Instructions to follow: From the records below, set down exactly the lines starting with the line that contains "Self-adhesive insulating perimeter band" and going on through the line that contains "Denso Spark Plug". Nothing else is wanted.

Source material:

━━━━━━━━━━

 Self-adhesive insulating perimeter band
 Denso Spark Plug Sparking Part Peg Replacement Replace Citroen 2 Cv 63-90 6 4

━━━━━━━━━━

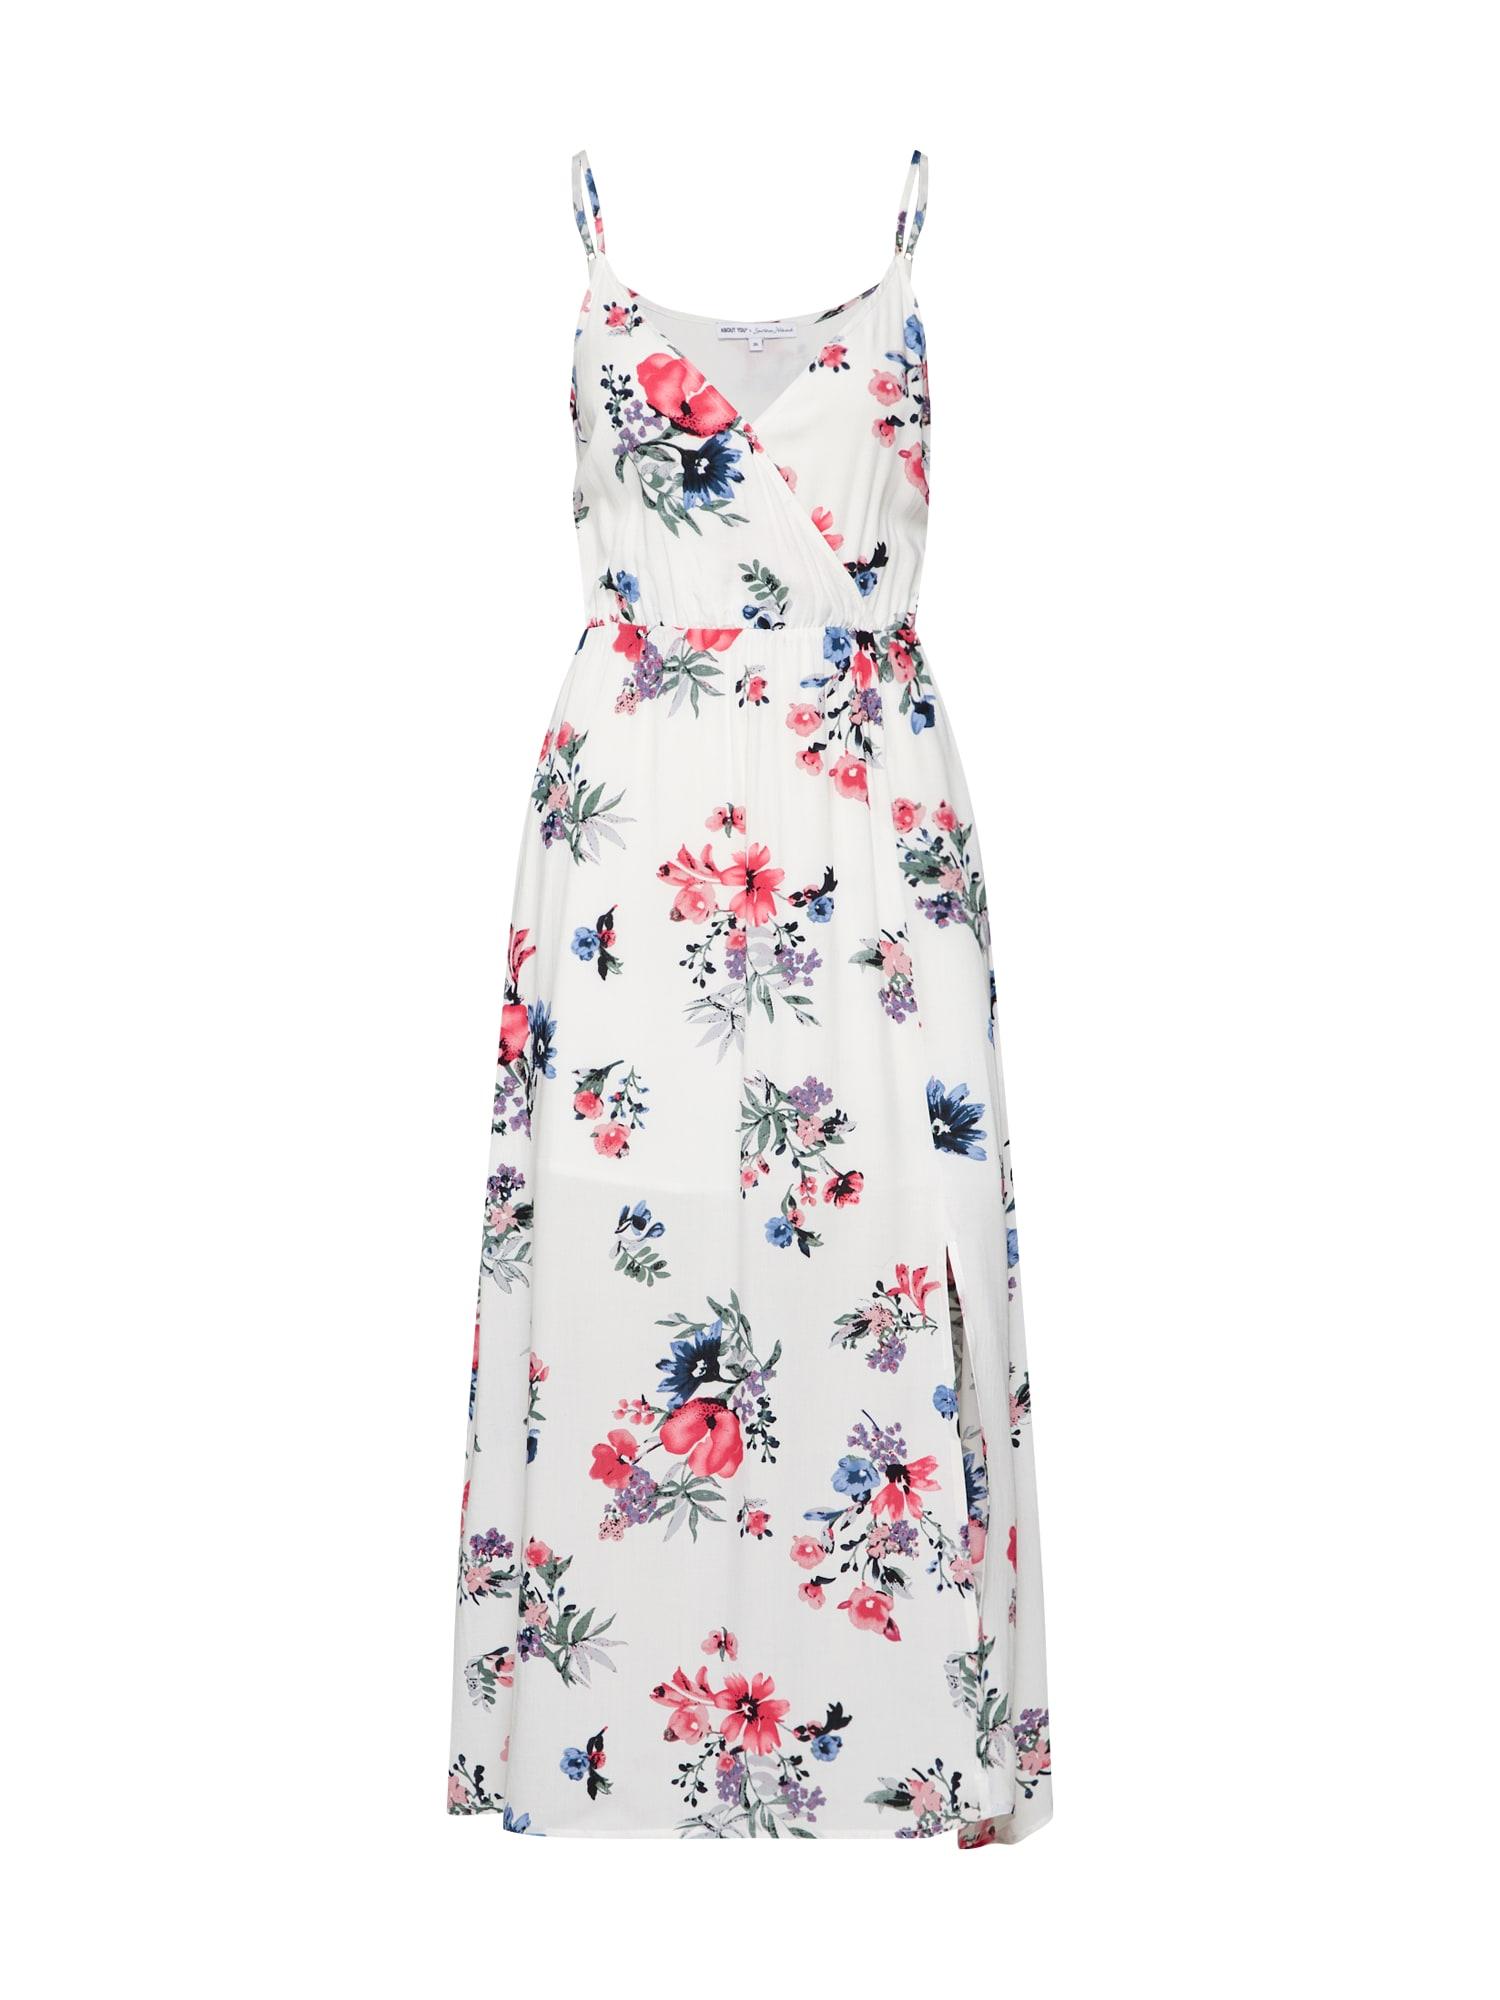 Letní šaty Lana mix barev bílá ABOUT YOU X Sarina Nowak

━━━━━━━━━━

Problem solution:
 Self-adhesive insulating perimeter band
 Denso Spark Plug Sparking Part Peg Replacement Replace Citroen 2 Cv 63-90 6 4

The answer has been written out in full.